A FAN’S NOTES
Sporting News from the Capital Region
Edmonton hockey fans today are pleasuring themselves in the city’s streets. A new downtown ice rink slated for completion in September 2016 has been made manifest after years of local debate. The foundation poured, a titanic skeleton of structural steel now rises at the intersection of 104th Avenue and 104th Street. Even bigger news is this evening’s (about 15 minutes from now) National Hockey League annual draft of amateur players. The Edmonton Oilers by virtue of their ineptitude and a little lottery luck have been awarded the first pick.
A teenaged forward from the Ontario Hockey League named Connor McDavid has been hailed by all those involved in the industry as a ‘generational talent,’ professional hockey’s equivalent of the Second Coming. The NHL was formed in 1917 so young Mr. McDavid might be something like the Tenth Coming. Anyway, the kid’s supposed to be that good, a savant on skates projected to outshine or at the very least match such modern legends as Wayne Gretzky, Mario Lemieux and Sidney Crosby. The hopes and dreams of a relatively remote, northern winter city rest on the shoulders of a boy who graduated high school last week. His job as a hockey player will be to pack that new arena, that new public building we’re all paying for. No pressure, kid, failure is not an option.
Although baseballer Pete Rose, A.K.A. Charlie Hustle, did his best (or worst) we know that nothing in sport is guaranteed. That’s why we watch the games played. Guy Lafleur skated through three mediocre seasons before his Ascension in Montreal. Eric Lindros’s spirit was willing but his flesh was weak; he never earned his wings. Edmonton’s potential Saviour is already in the harsh glare of hysterical hype. The Globe and Mail, Canada’s national newspaper, has assigned a reporter full-time to the Connor McDavid beat (Shawna Richer, that publication’s sports editor, shadowed Crosby his entire rookie year).

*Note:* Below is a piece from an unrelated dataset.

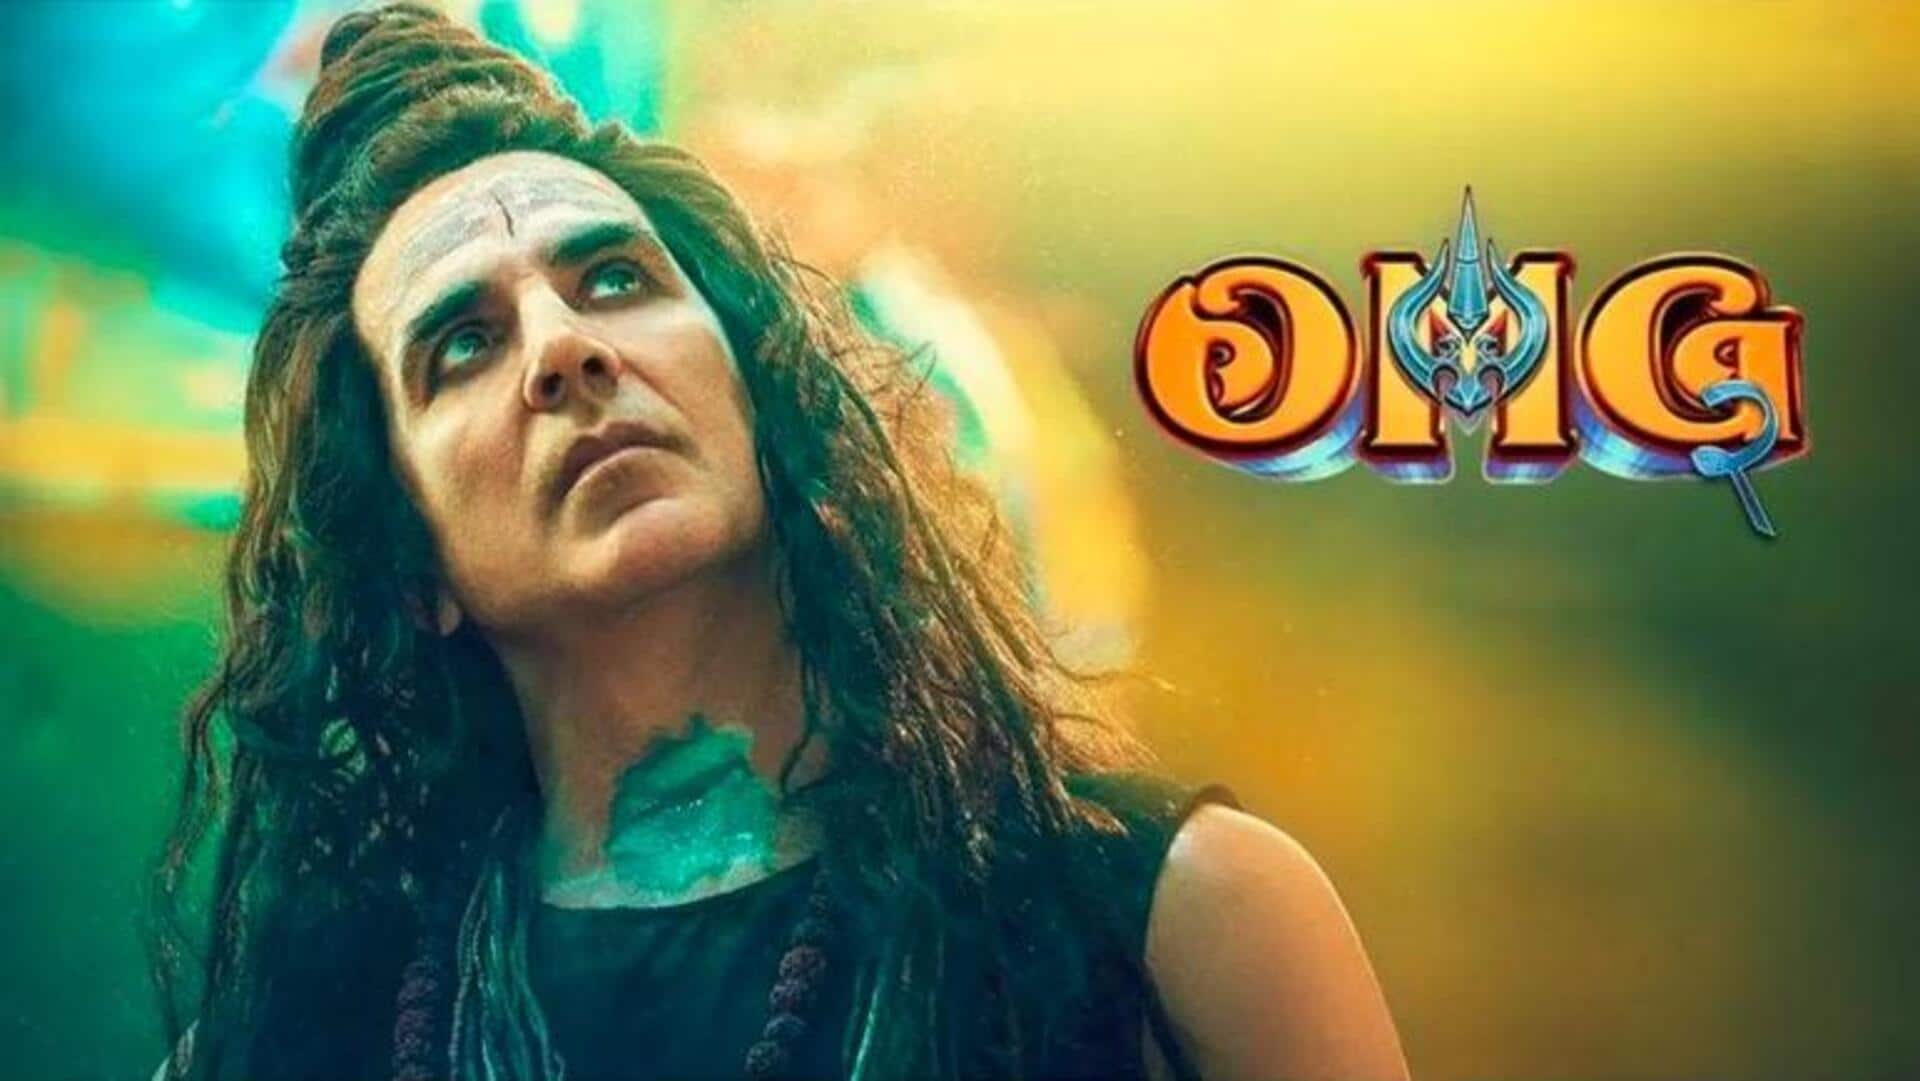 अक्षय कुमार की 'ओह माय गॉड 2' को अब टीवी पर देखें, जानिए कब और कहां 
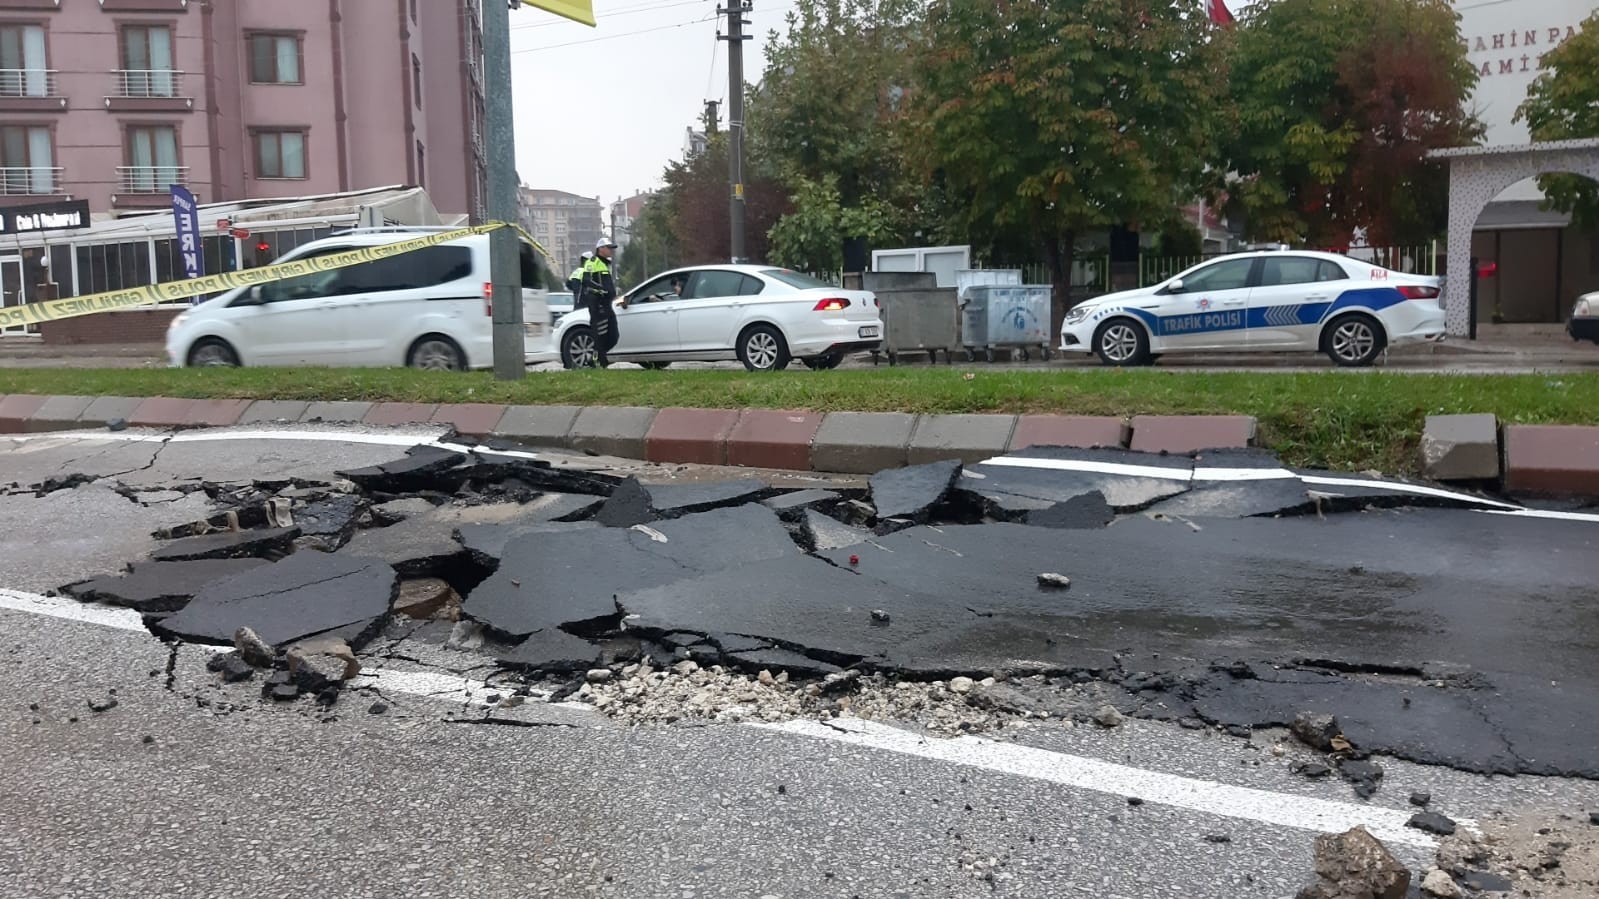 Edirne’de sel suları asfaltı söktü, iş yerlerini su bastı, otomobiller yolda kaldı #edirne

Locally there is evidence of an ecstatic ecstasy despite a cynical and comic undercurrent convinced that the hapless Oilers could actually botch their overall number one pick. Down in the river valley a green directional sign for CONNORS ROAD has been altered by some wag fan to read CONNOR MCDAVID. A decent pub in Old Strathcona has sold every single ticket available for a happy hour draft party (all proceeds to charity). Edmonton’s newspapers have gushed ink and picas on what just might be their biggest story of the year: A Hockey God This Way Comes.